In general, I recommend narrowing the scope of what lines / strings you are actually parsing with RegEx by using lines containing
and preceding text
or following text
and similar inspectors, as well as Whose filters. Often you don’t end up needing RegEx at all.
There are a few different reasons I recommend this approach over regex alone:
- A regex that needs to handle any input and find just the string pattern you are looking for in particular is going to be much more complicated and error prone.
- Regex can take an indeterminate amount of time to evaluate that varies based upon the input text. It is not possible to predict how long it will take with certainty. This is partially mitigated by having simplified regex that only operates on limited input text.
- It can be hard to tell what a RegEx is supposed to do by just looking at the RegEx itself. It is non-obvious.
- Every RegEx engine can have slightly different quirks, which can be annoying.
- It is possible in some cases to have a RegEx that effectively results in an infinite loop that never resolves, which could have bad consequences. This usually depends on the RegEx engine, so I don’t think it applies to BigFix.
Benefits of RegEx over other methods alone:
- sometimes it is the only option to accomplish the task
- You may have existing RegEx that you are already using in other languages
- Easier to find RegEx examples online.
In the cases where RegEx is the best method, in almost all cases you are better off using a hybrid approach, using a combination of string parsing, filtering, and RegEx.
RegEx is valuable for input validation. It is not hard to parse out words
that are likely email addresses from an arbitrary string, but it is very hard to validate that they are “valid” email addresses without RegEx. This is less needed in cases where you are reasonably sure that the input only contains valid items already.
Example:
Q: substrings separated by " " whose(it contains "@" AND it contains ".") of "ab.c abc def abc@def.com abc@abc@def.com @.com xyz"
A: abc@def.com
A: abc@abc@def.com
A: @.com
T: 2556
Only 1 of the results is actually a valid email address, but many other possibilities have been eliminated, which means that using RegEx for validation only needs to run on a more limited set of possible inputs.

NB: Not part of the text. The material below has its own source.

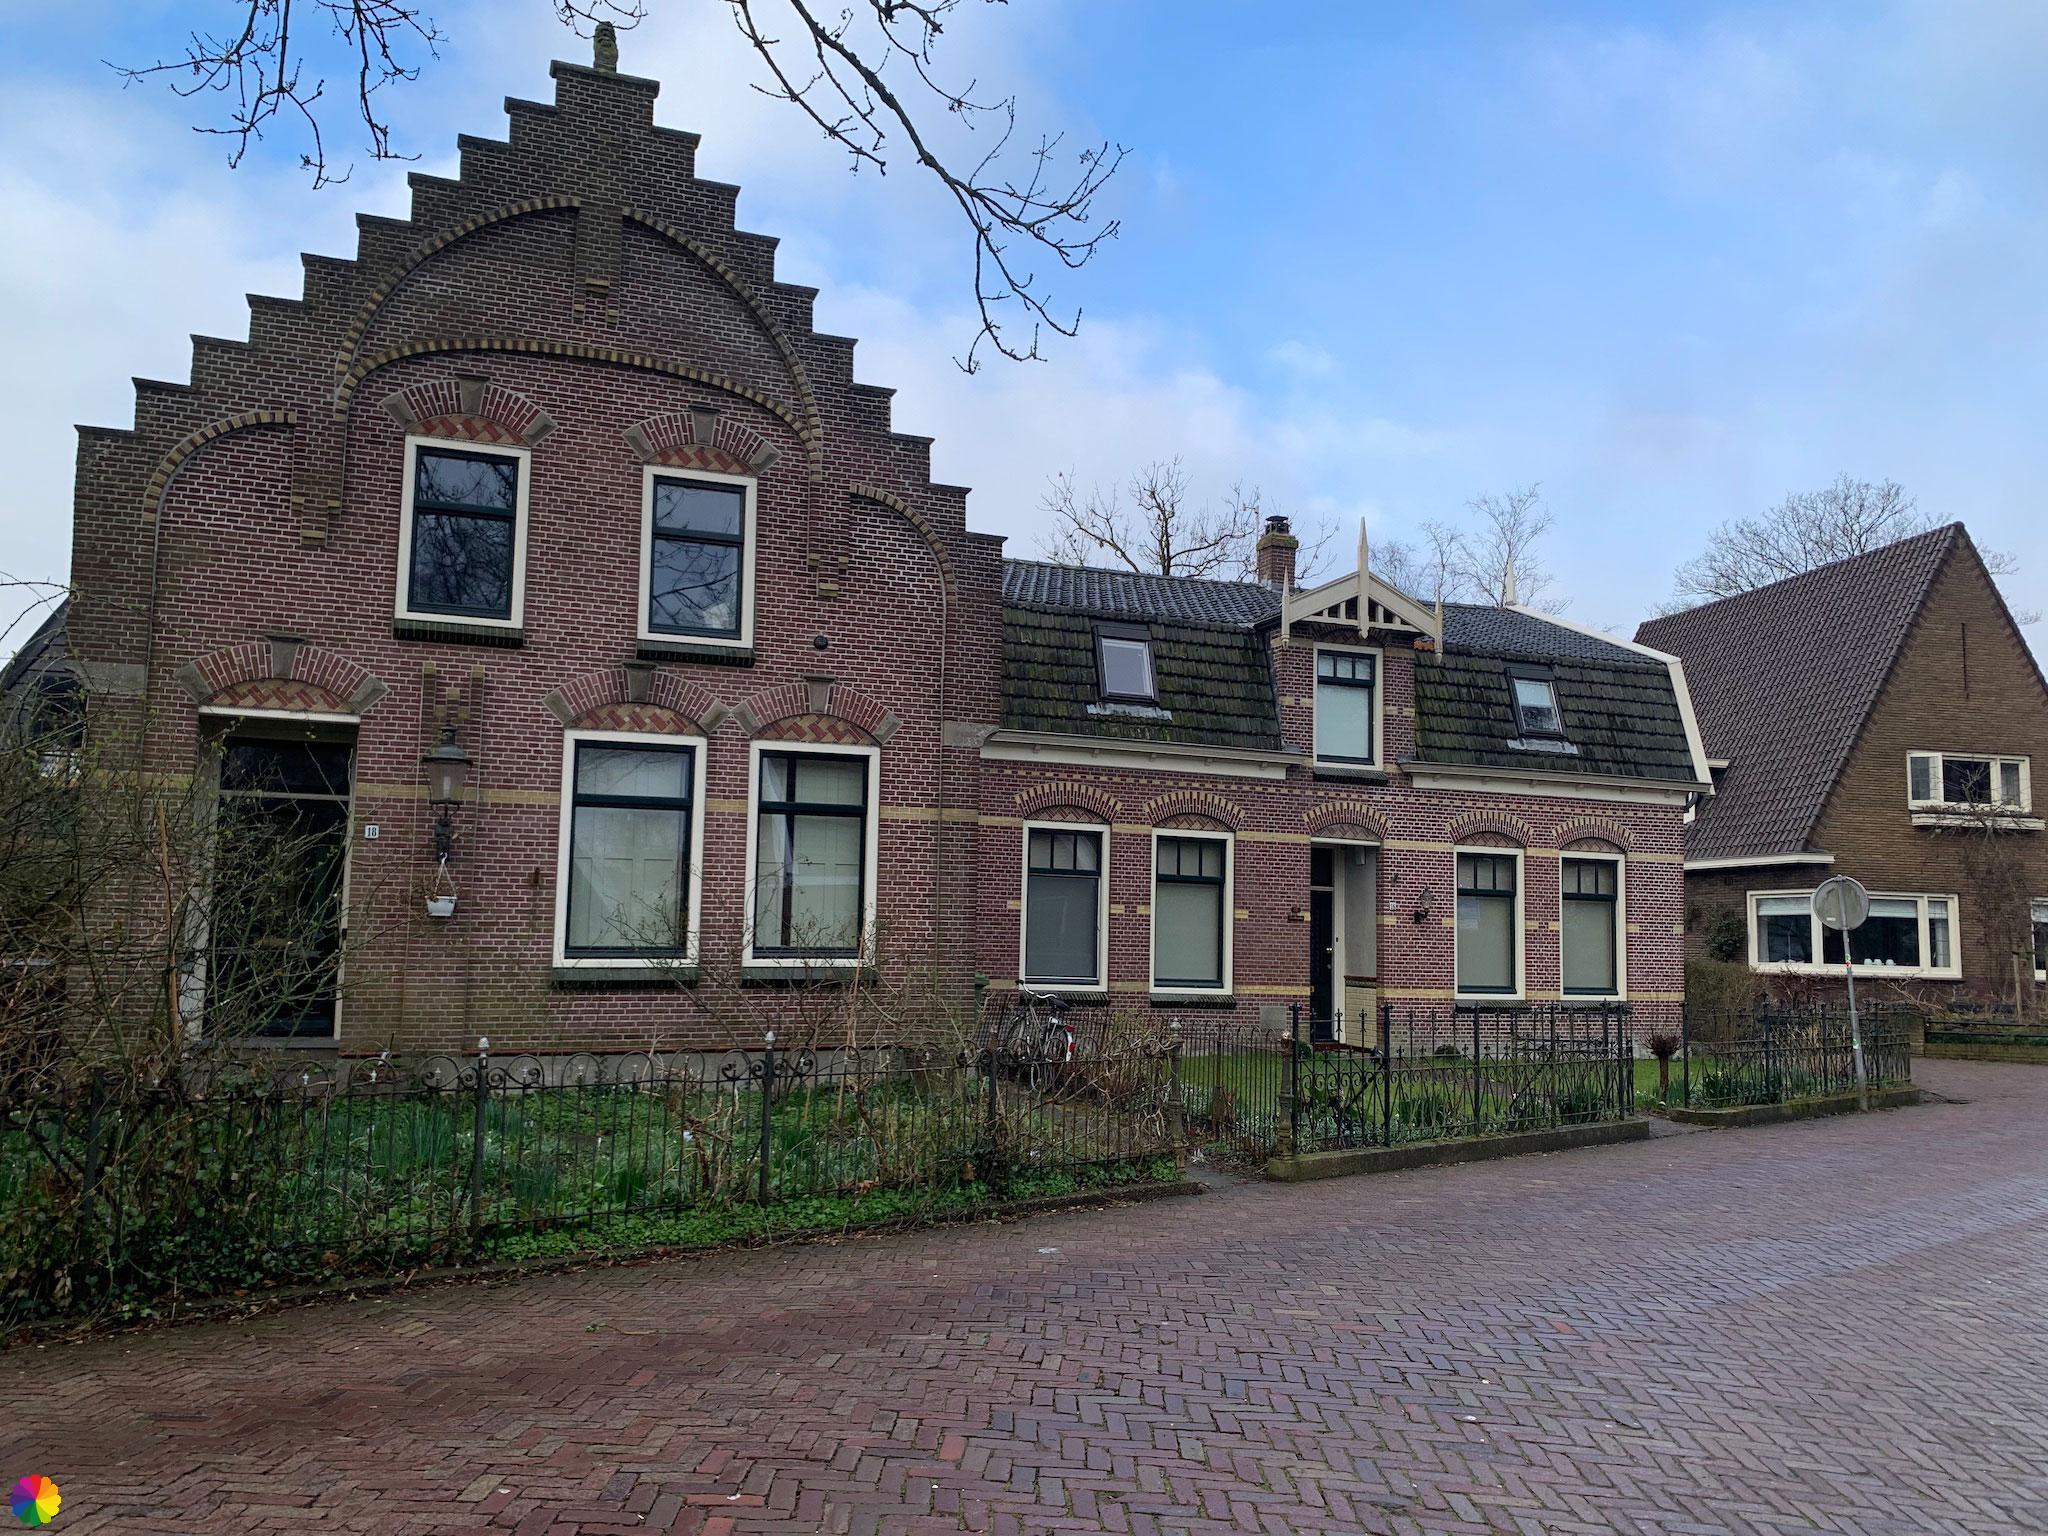 Huis met trapgevel in Broek in Waterland

This would get only the 2nd command from a multi command, but without RegEx: (not a complete solution, but a partial example)
Q: (preceding text of first " " of it | it) of following texts of firsts " && " of it whose(it contains " && ") of "28 0 * * * root test -x /etc/cron.daily/popularity-contest && /etc/cron.daily/popularity-contest --crond "
A: /etc/cron.daily/popularity-contest
T: 2484
This would give the 7th word from the string:
Q: tuple string items 6 of concatenations ", " of substrings separated by " " of "28 0 * * * root test -x /etc/cron.daily/popularity-contest && /etc/cron.daily/popularity-contest --crond "
A: test
T: 2457
this combines both, but only works properly for exactly 2 commands:
Q: ( ( tuple string items 6 of concatenations ", " of substrings separated by " " of it ) ; ( (preceding text of first " " of it | it) of following texts of firsts " && " of it whose(it contains " && ") of it ) ) of "28 0 * * * root test -x /etc/cron.daily/popularity-contest && /etc/cron.daily/popularity-contest --crond "
A: test
A: /etc/cron.daily/popularity-contest
T: 2451
My point isn’t that this is the right solution, or the best solution, but just an example of how it is possible to do some things without regex. It is hard to do this without regex and handle between 1 and an unknown number of commands.